Cyclic Markov Policy Graph
Hello Oscar,
I'm trying to model an inifinite/cyclic horizon markov policy graph just like in the pastoral farming example here this paper, and I have done that by adding edges from the last node to the first node
graph = SDDP.MarkovianGraph(sim; budget=100, scenarios=1000)
typeof(graph)
# Function to extract nodes by stage
function extract_nodes_by_stage(graph, stage)
nodes_at_stage = []
for node in keys(graph.nodes)
if node[1] == stage
push!(nodes_at_stage, node)
end
end
return nodes_at_stage
end
# Extract initial and final nodes
initial_nodes = extract_nodes_by_stage(graph, 1)
final_stage = maximum([node[1] for node in keys(graph.nodes)]) # Find the last stage
final_nodes = extract_nodes_by_stage(graph, final_stage)
# cycle_probability for the transition from the last to first nodes
cycle_probability = 0.95
# For each last node, distribute the cycle_probability evenly across all first nodes
for last_node in final_nodes
for first_node in initial_nodes
# Calculate the transition probability from each last node to each first node
transition_probability = cycle_probability / length(initial_nodes)
# Add the edge from the last node to the first node with the calculated probability
SDDP.add_edge(graph, last_node => first_node, transition_probability)
end
end
It works with the nodal transition shared evenly amongst the nodes. Is this the optimal approach? How can I add weights to nodal transition based on my simulated stochastic process?
Is this the optimal approach?
There is no single "optimal" approach. It depends on your model
How can I add weights to nodal transition based on my simulated stochastic process?
Change the transition probability in:
SDDP.add_edge(graph, last_node => first_node, transition_probability)

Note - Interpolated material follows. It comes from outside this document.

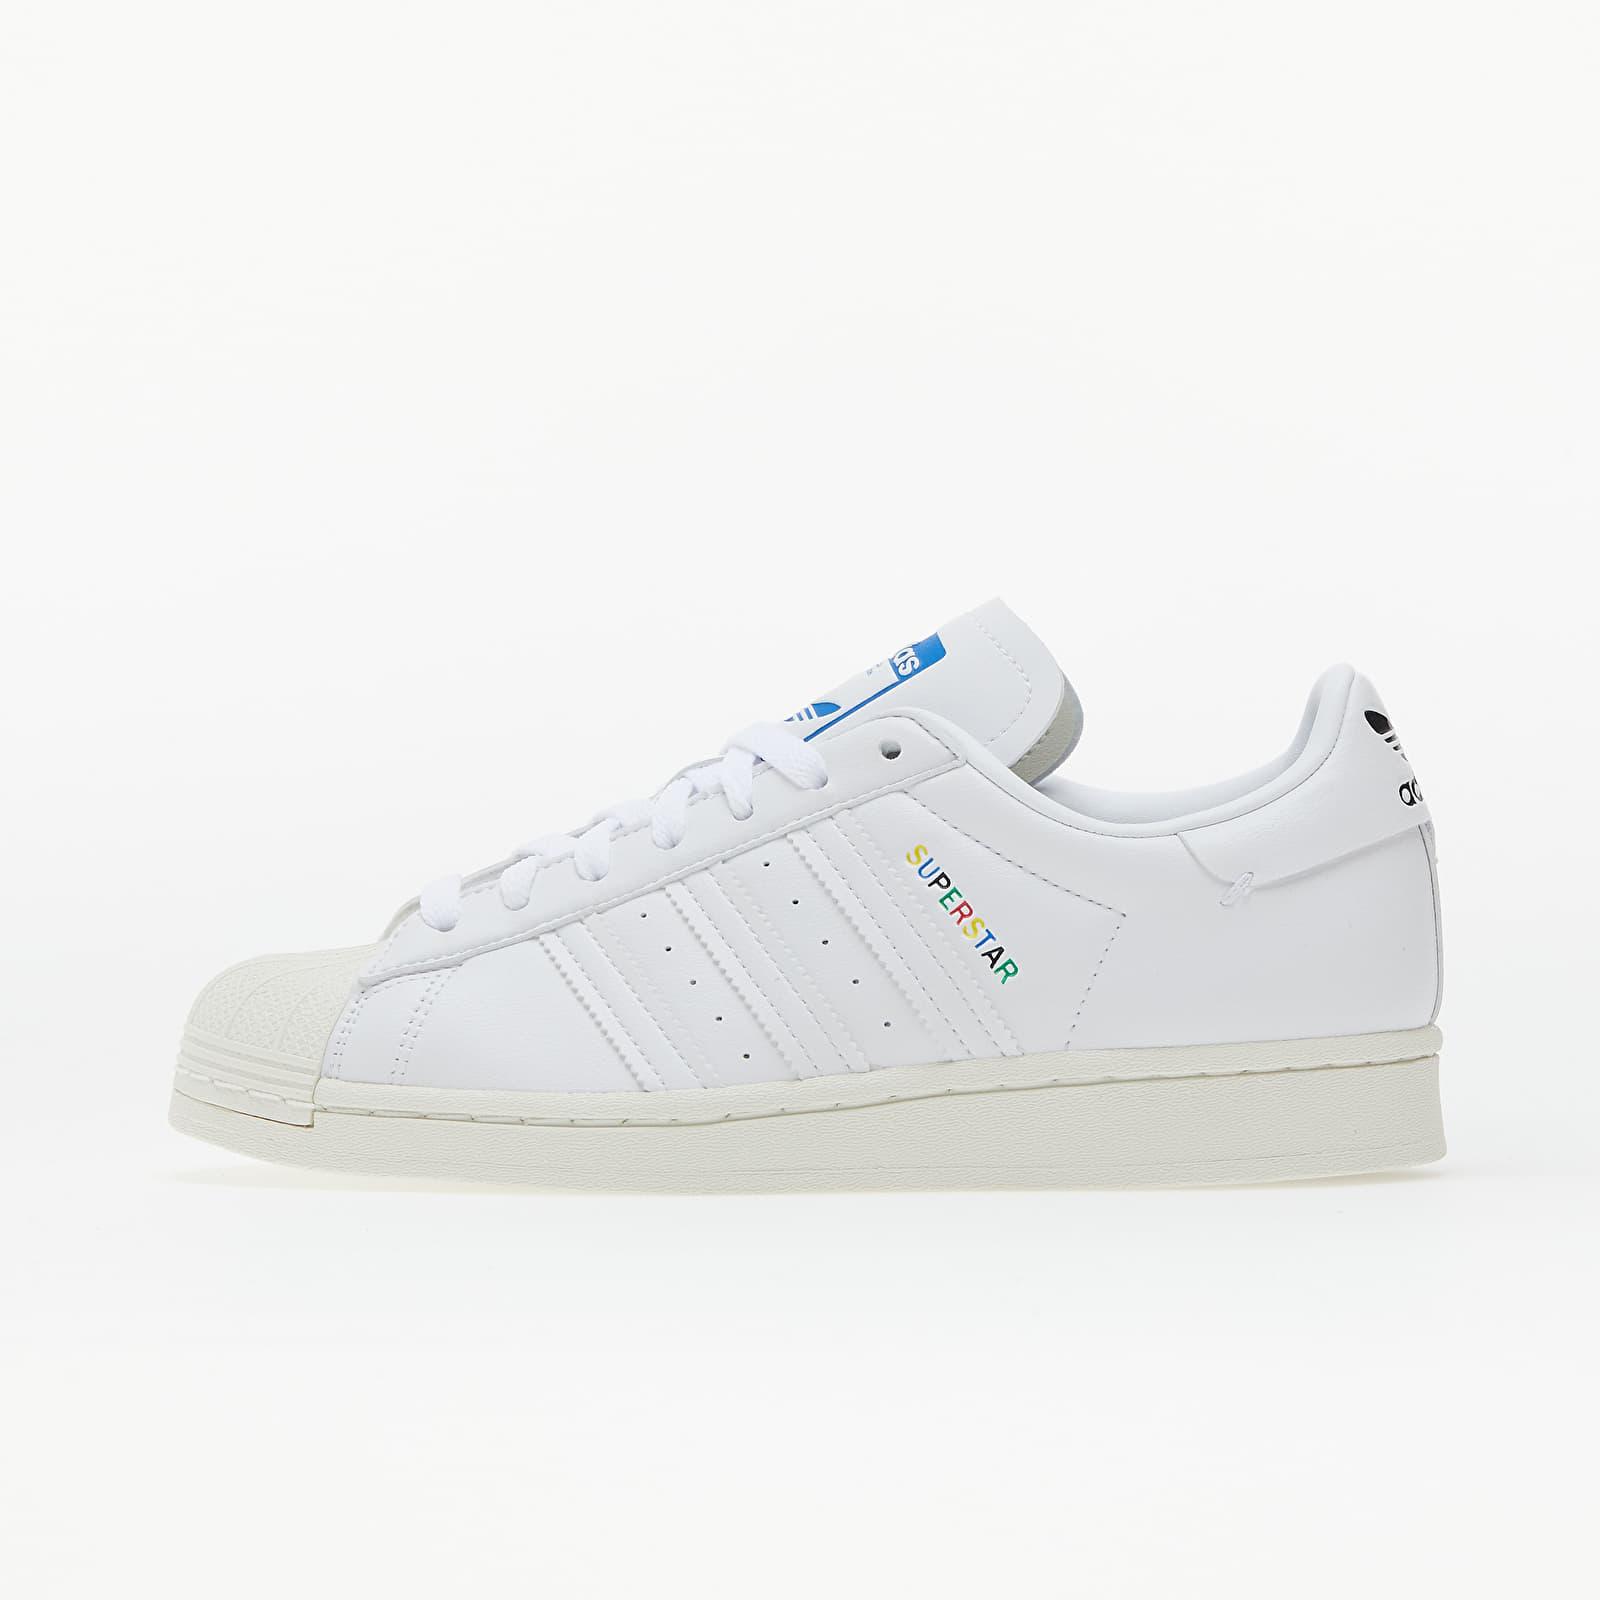 adidas Superstar W Ftw White/ Ftw White/ Off White EUR 40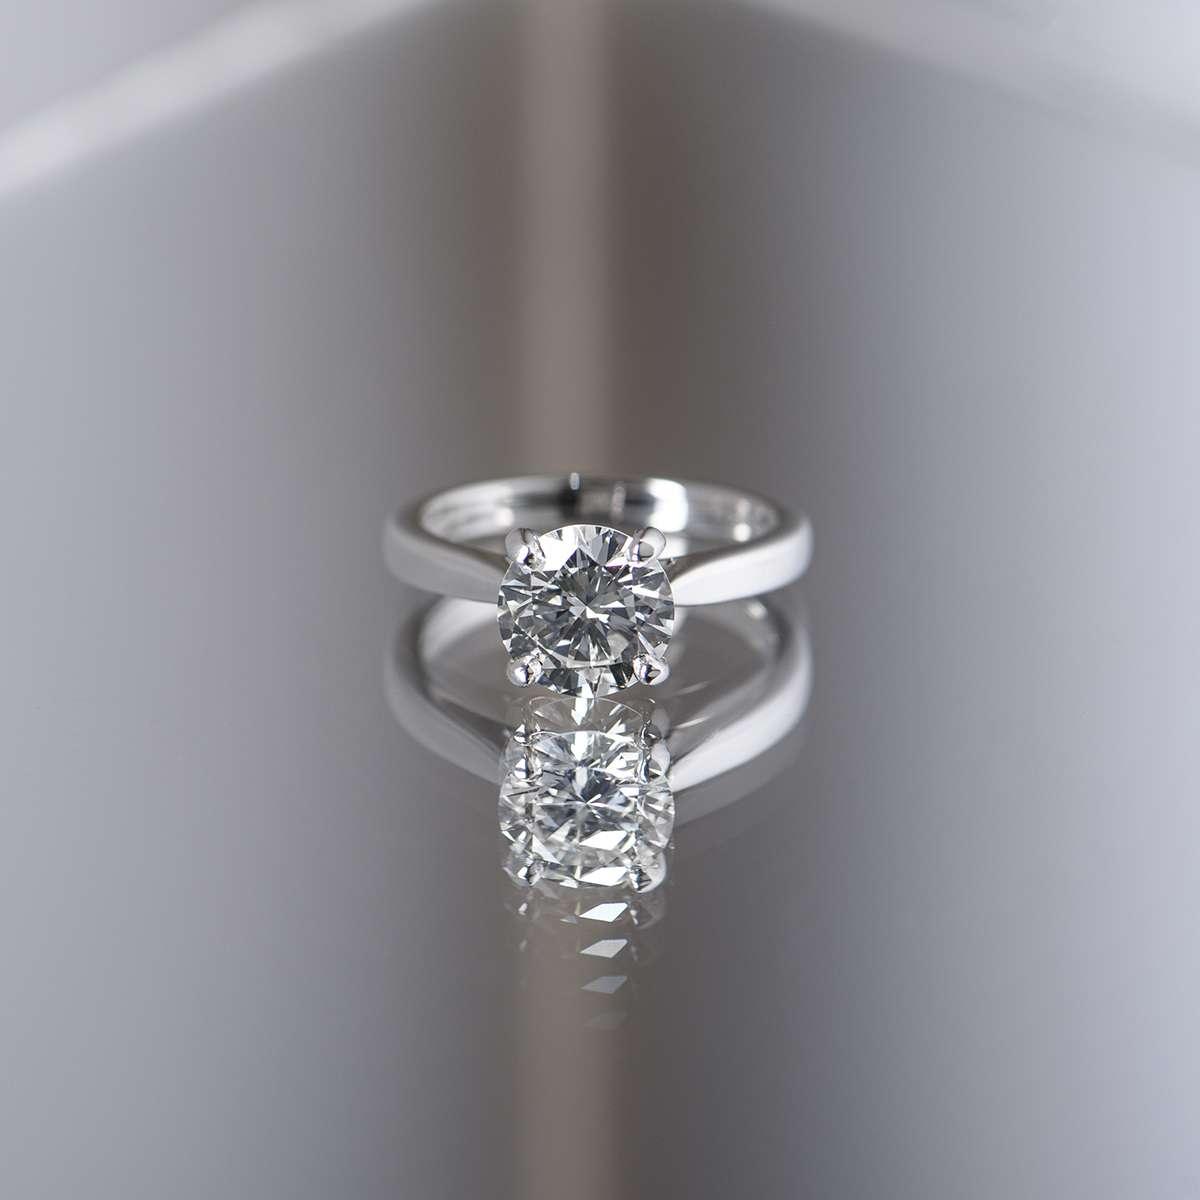 Platinum Round Brilliant Cut Diamond Ring 2.01ct I/VVS2 XXX

At the moment, it looks like you are using a uniform distribution.
Thanks for your response. I have an idea to use the stochastic process distribution parameters to estimate the transition probabilities.
Sure. SDDP.jl doesn't provide tools to help with this. It is up to you to design the graph that is most appropriate for your problem.
Closing because I don't think there is anything left to do here. Please comment if you have further questions and I will re-open.